Nephrotic syndrome (NS) is one of the common pediatric diseases that require
glucocorticoid treatment. Patients with NS might receive
steroids for a long time if remission is not achieved. Evidence shows that long-term
steroid use may induce
osteoporosis in adults and children, and
steroid use is well known to be related to avascular
necrosis of the femoral head (ANFH) in adults. However, no pediatric case of AFNH caused by long-term
steroid use due to NS has been reported. In this report, we describe the case of a three-year-old boy with a chief complaint of gait difficulty, who had been treated with
glucocorticoid orally for a year because of NS. His body temperature was within the normal limit. His legs did not show
trauma, redness, or swelling; however, he did not want his left thigh touched.
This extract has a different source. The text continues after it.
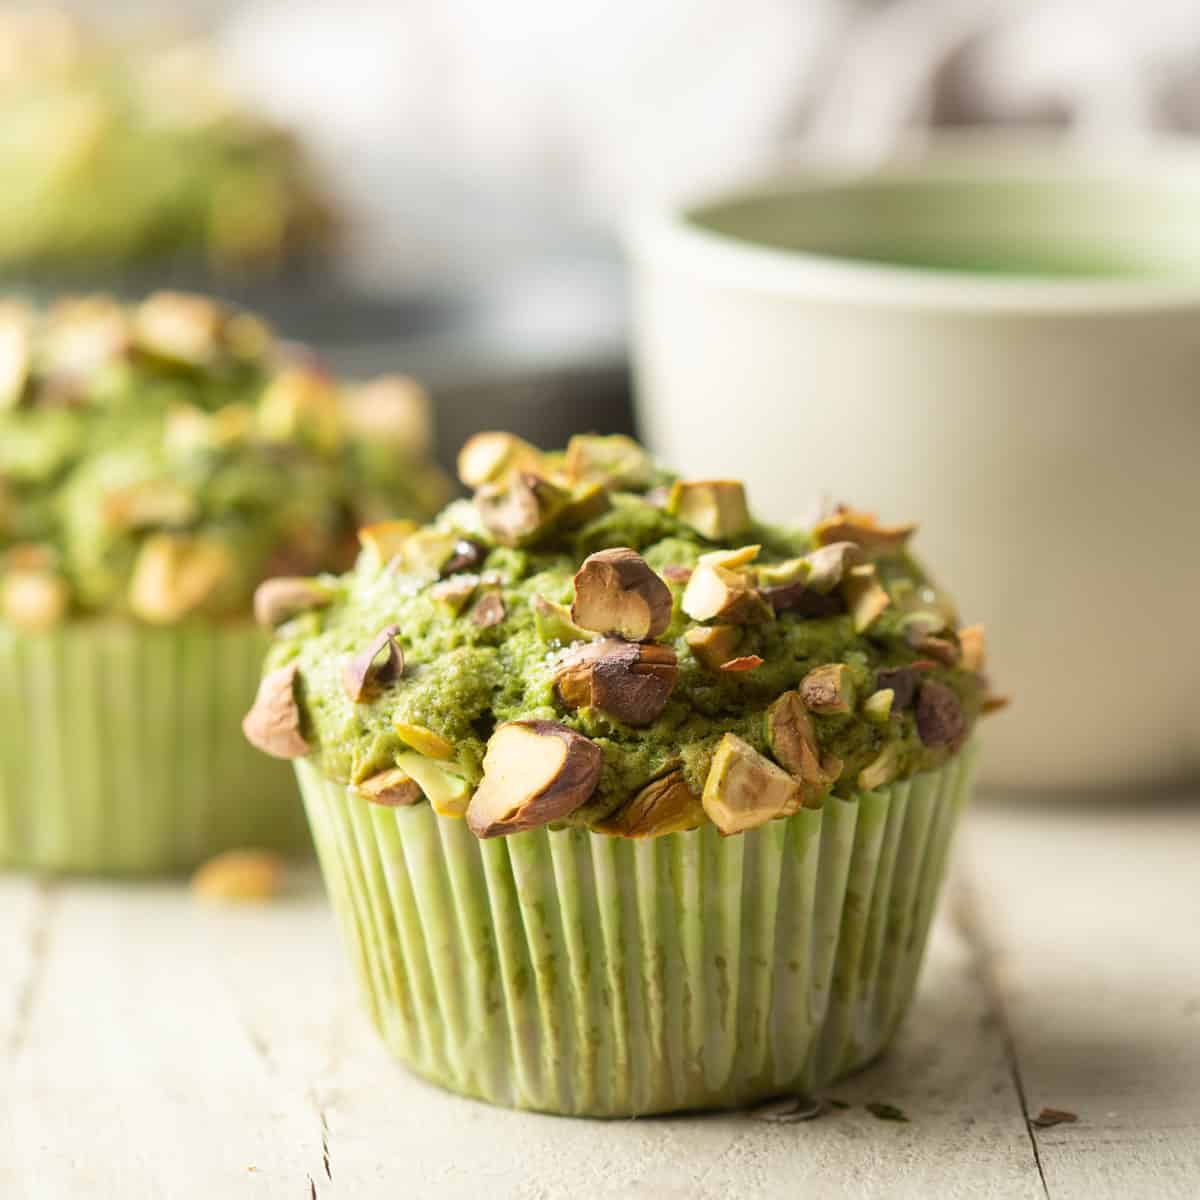 Matcha green tea pistachio muffins, made with organic matcha, spongy, fluffy and baked with love in Dubai. A great gift for a family or a treat for a special someone to enjoy over and over. Delivered to you across Dubai and the UAE.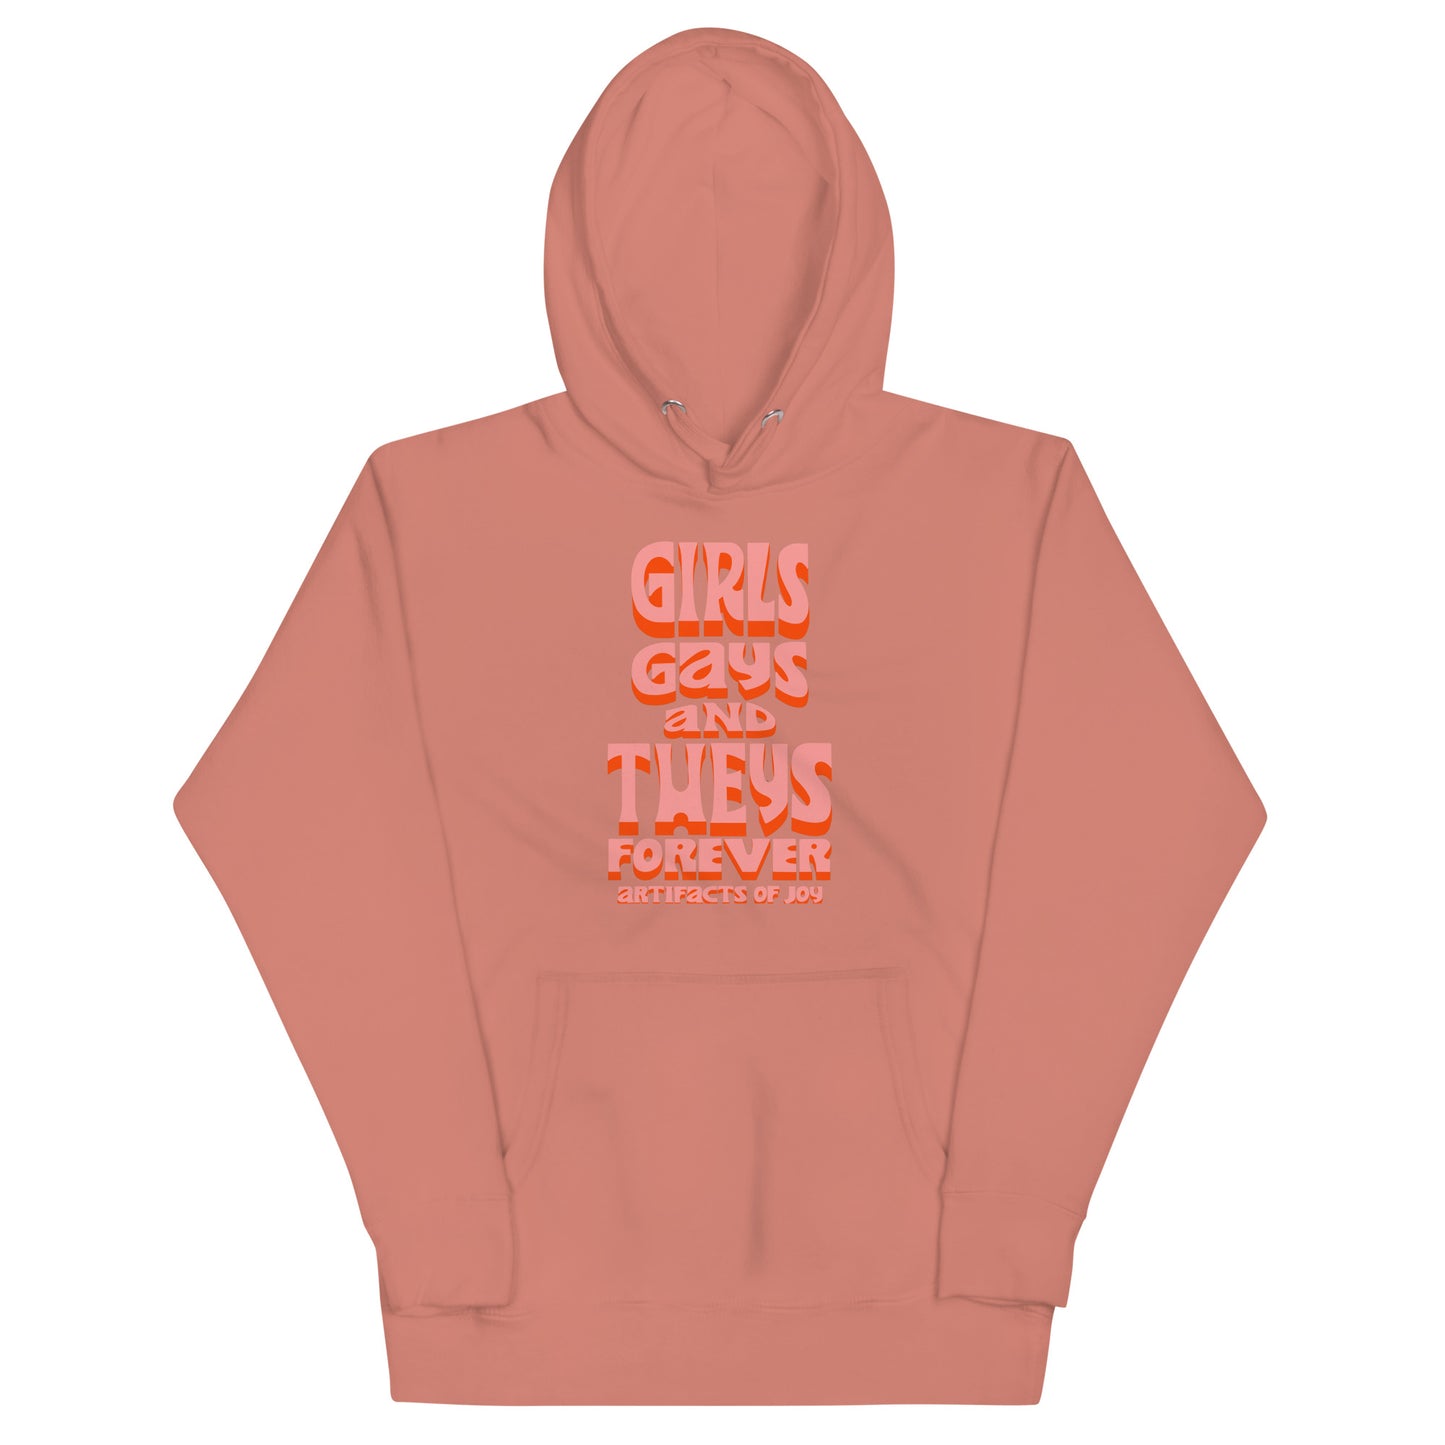 Hoodie Girls Gays and Theys Forever Unisex

A pelvic X-ray scan showed asymmetrical femoral heads due to the thinning of the left femoral head. Pelvic magnetic resonance imaging showed a low intensity of the left femoral head on the T2-weighted image and high and low mixed intensities on the fat-suppressed T2-weighted image. Deformation of the left femoral head was suspected. The epiphysial nucleus of the right femoral head was also small for his age. He was diagnosed with
Legg-Calvé-Perthes disease and referred to an orthopedic clinic to begin rehabilitation with equipment to support his joints. Thus, we cannot completely conclude that
glucocorticoid use and NS are not related to AFNH in children. Physicians must consider early diagnosis.